**TASK DESCRIPTION**
Give again, word for word, every line in the entries below from the line with "Wooden Pulling Radish" up to and including the line with "The girl with", and no other line.

**LISTED RECORDS**
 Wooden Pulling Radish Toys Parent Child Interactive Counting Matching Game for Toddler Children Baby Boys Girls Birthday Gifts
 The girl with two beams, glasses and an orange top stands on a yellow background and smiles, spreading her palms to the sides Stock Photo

--

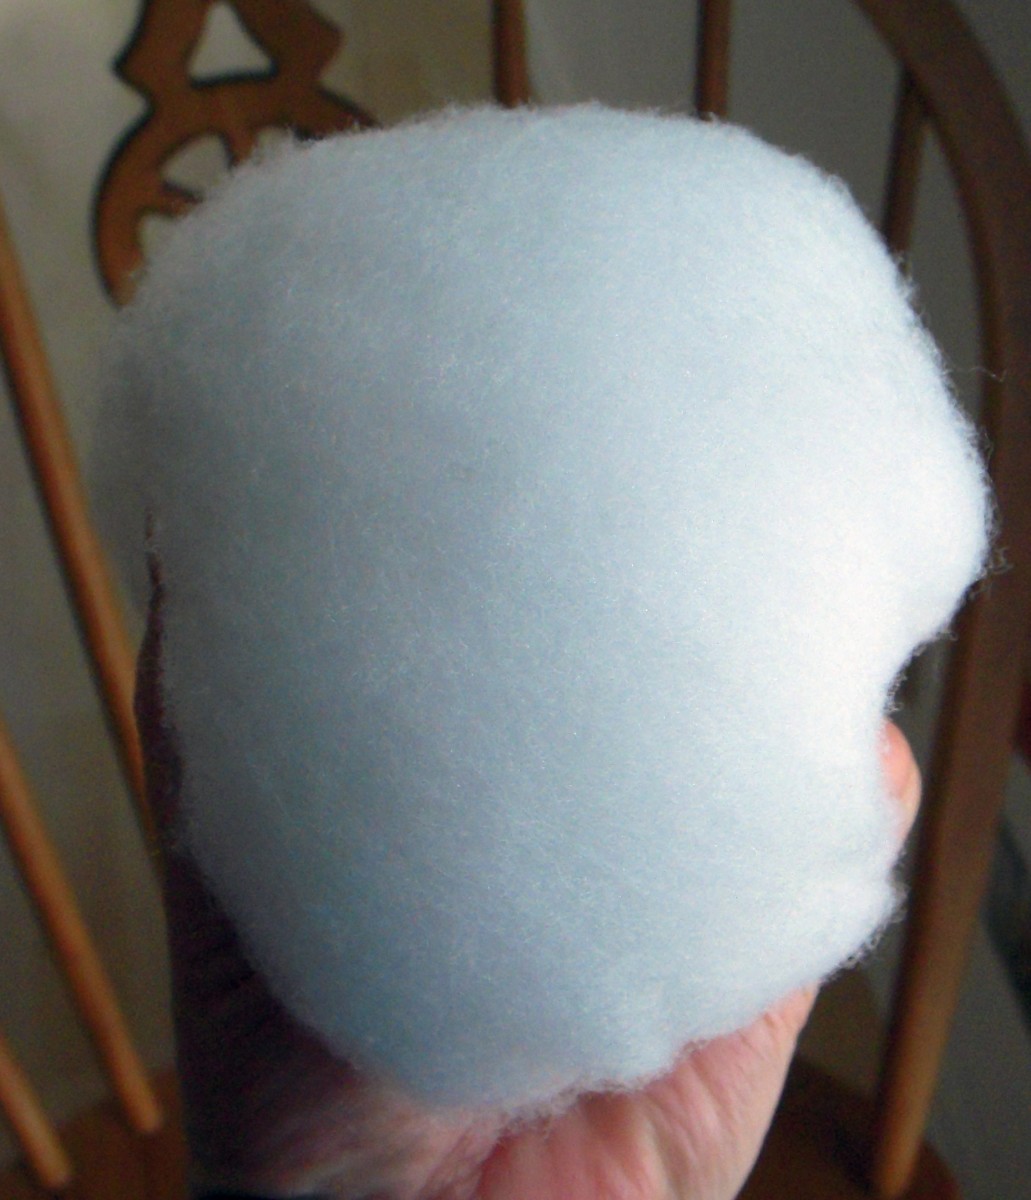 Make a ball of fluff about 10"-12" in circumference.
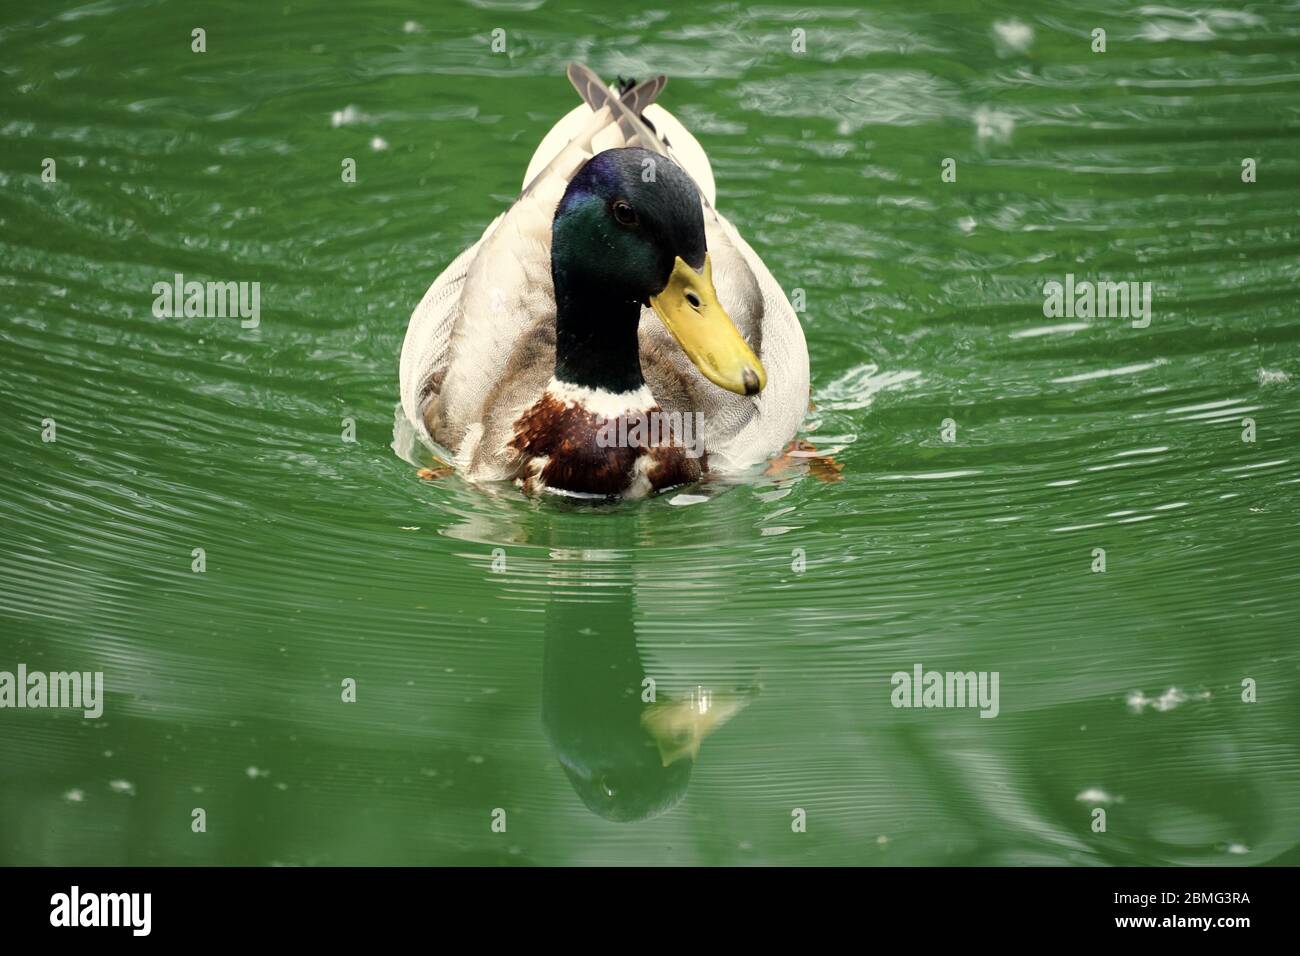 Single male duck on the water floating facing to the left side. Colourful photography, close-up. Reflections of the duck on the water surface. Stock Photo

--

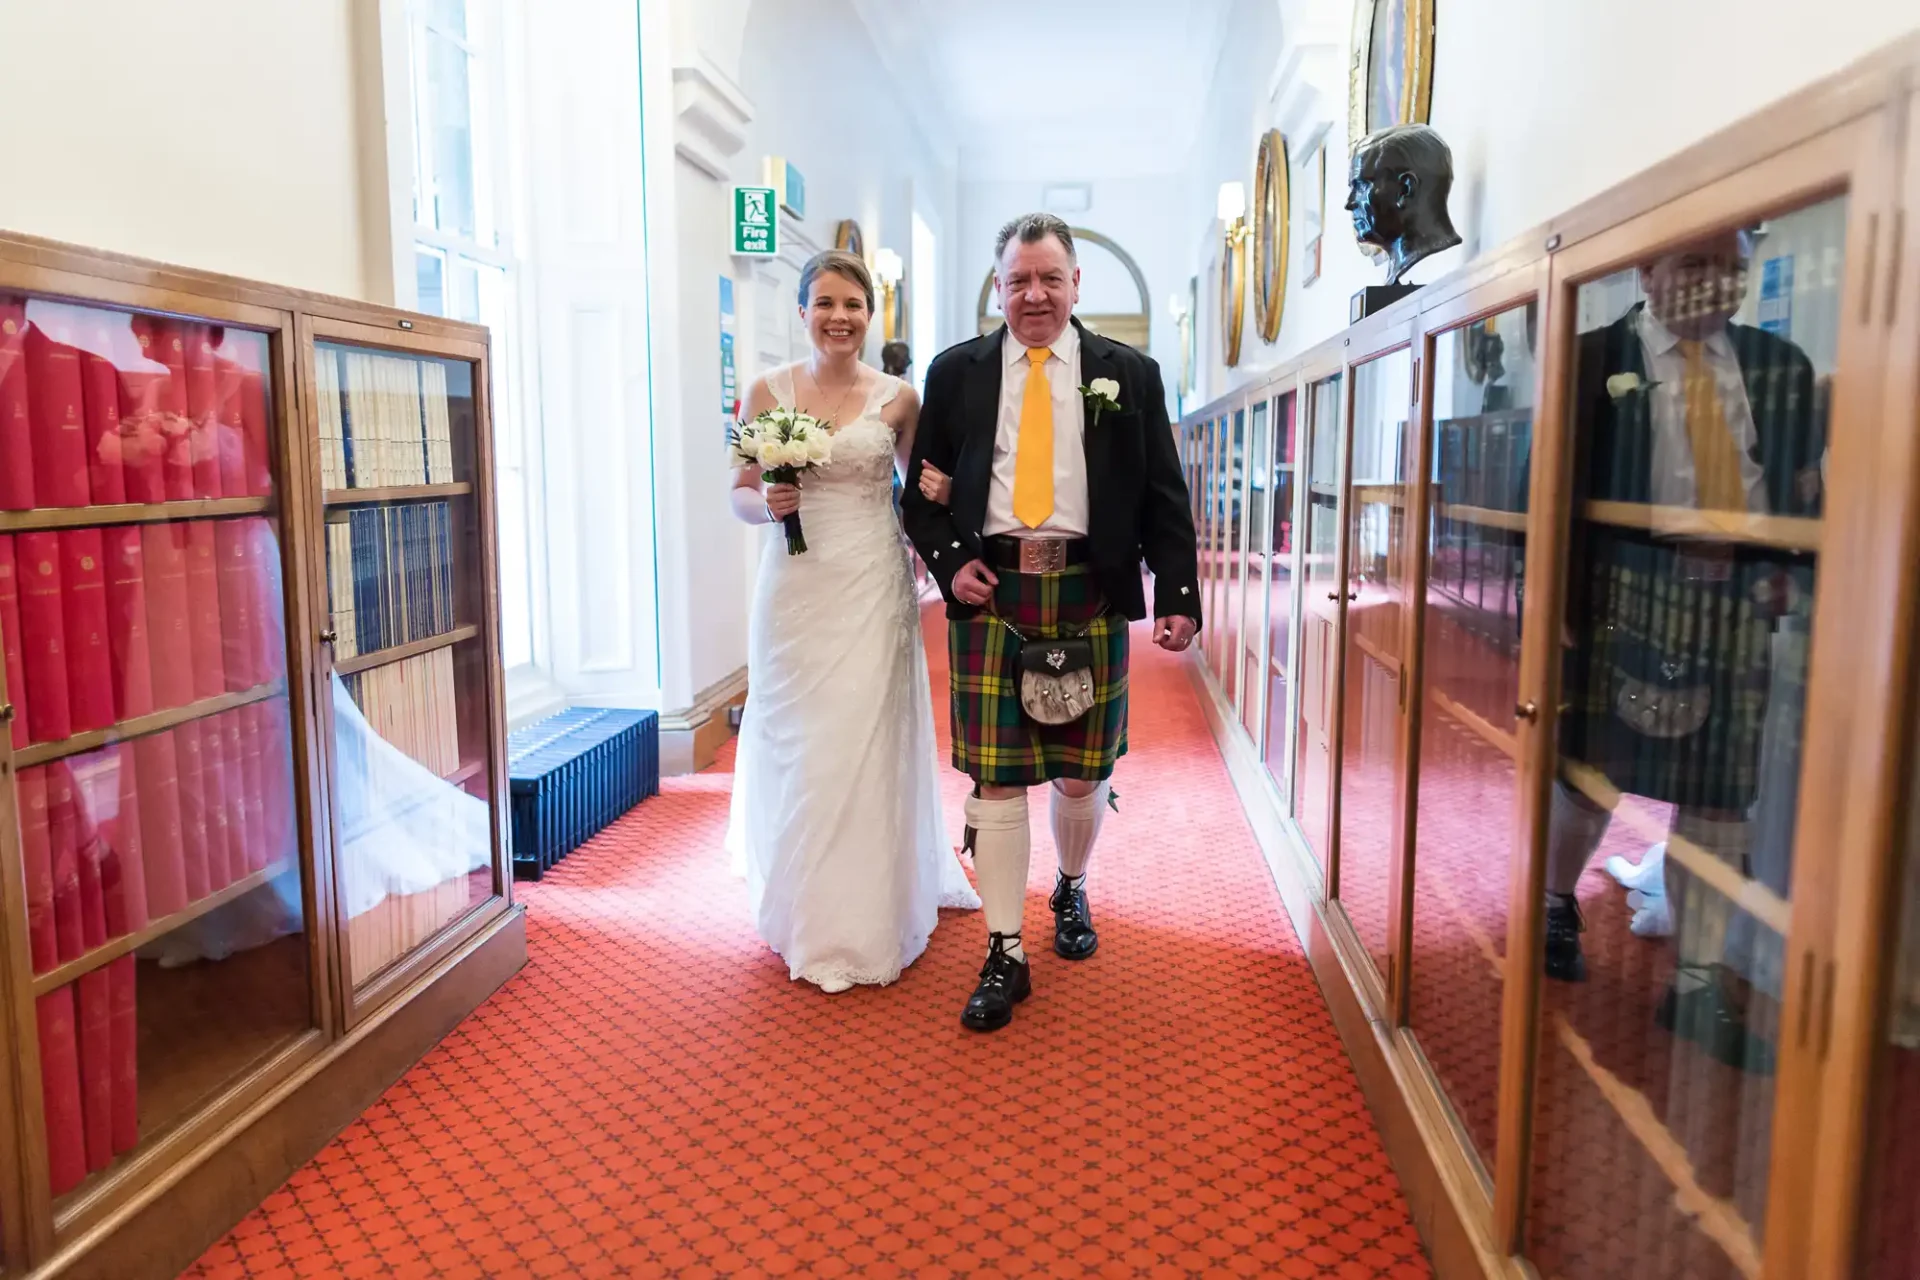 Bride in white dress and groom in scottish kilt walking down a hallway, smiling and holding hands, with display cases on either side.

**WRITTEN RESPONSE**
 Wooden Pulling Radish Toys Parent Child Interactive Counting Matching Game for Toddler Children Baby Boys Girls Birthday Gifts
 The girl with two beams, glasses and an orange top stands on a yellow background and smiles, spreading her palms to the sides Stock Photo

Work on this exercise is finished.